Says Chris Vivlamore, AJC pro sports editor, “Part of it is the cost and we want to do more local stories.” Good on you, Chris. How about taking a stab at covering something that hasn’t already been beaten to death on TV — like, uh, say, bicycle racing?

Meanwhile, here’s an interesting piece from American Journalism Review: Robert Hodierne catches up with a few ex-newsies to ask, “Is there life after newspapers?”

A jihad against January and journalism

January should be struck from the calendar. What a waste of days. One day you’re singing the praises of global warming as you cycle along in summer kit, and the next you’re freezing your nutsack off and watching it “snow,” which in Colorado these days means greasing the streets just enough to keep the ERs and body shops busy.

I'm goin' down — down, down, down, down, down.
I'm goin' down — down, down, down, down, down.

If I had any brains and a little money to go along with them I’d be camping in McDowell Mountain Regional Park outside Fountain Hills, Arizona. Alas, I am short on both.
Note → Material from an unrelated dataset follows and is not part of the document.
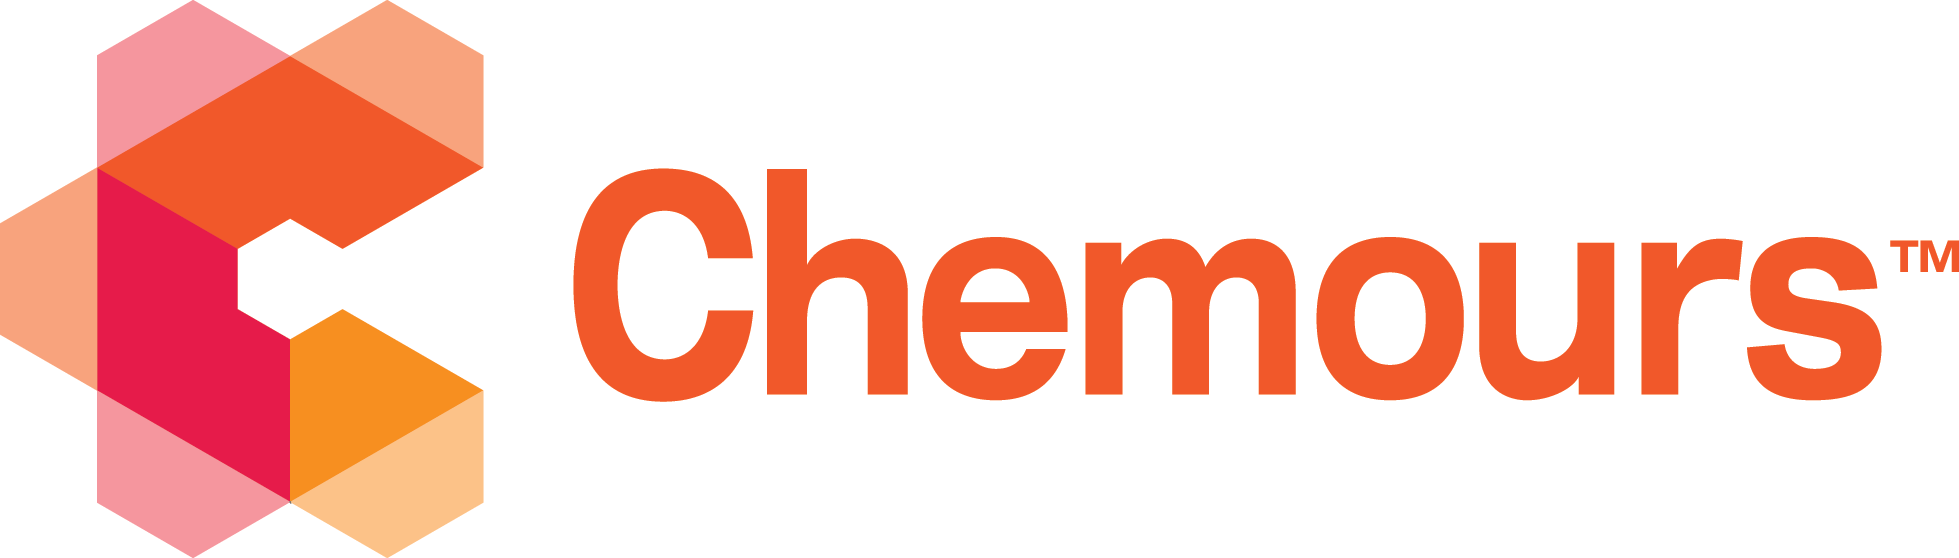 Chemours_Logo_Color_Web_06.2020

Herself’s Subaru just got about four years’ worth of service all at once, and paydays remain uncertain as publishers try to find a pulse somewhere on the bike business.

The new owners of VeloNews have a mania for contracts that delayed my check for services rendered during January as online editor at large of the VeloNews.com website, and now we must negotiate a deal for the remaining 11 months of 2009. I’ve gotten along just fine for the past 20 years without a written deal with VeloNews, and so has VeloNews, but as the song goes, the times they are a-changin’.

Now we must set down at length in black and white what both parties already know — that for chasing typos around Al Gore’s Intertubes I will get a monthly paycheck and nothing else, and can be cut loose at any time with neither severance nor notice. Feh. When has it ever been otherwise? Cycling journalism is not a union gig, last time I checked.

And anyway, I learned a long time ago that a union card isn’t exactly a crucifix when it comes to warding off corporate vampires. The Newspaper Guild provided about as much protection as a thousand-year-old rubber when I found myself at odds with the management of The Pueblo Chieftain back in 1985. I negotiated my own buyout and got the fuck out of Dodge before they could sack my dumb ass. Before long I found an even worse job, at the Sentinel Publishing Co. in Denver, which laid me off two years later. No golden parachute that time, just six months of unemployment insurance.

My man Hal Walter is staring down that long lightless tunnel now, trying to figure out what’s next. He has a wife, child, mortgage and truck payment, in a changing world that seems to no longer need newspapers, so he can’t do what I did in January 1988 — give up the apartment, throw the dog and some essentials in the truck, and go looking for another newspaper job.

Made in USA

One more quick note on newspapers, if only to annoy those of you who are weary of my fascination with the topic. In a time when shopping locally, eating locally and drinking locally is finally in vogue, albeit a bit late, the American newspaper is a product that not only is made in the USA — indeed, made right in your own hometown — but is reinvented, redesigned and reconstructed on a daily basis, as Hal Walter notes at Hardscrabble Times.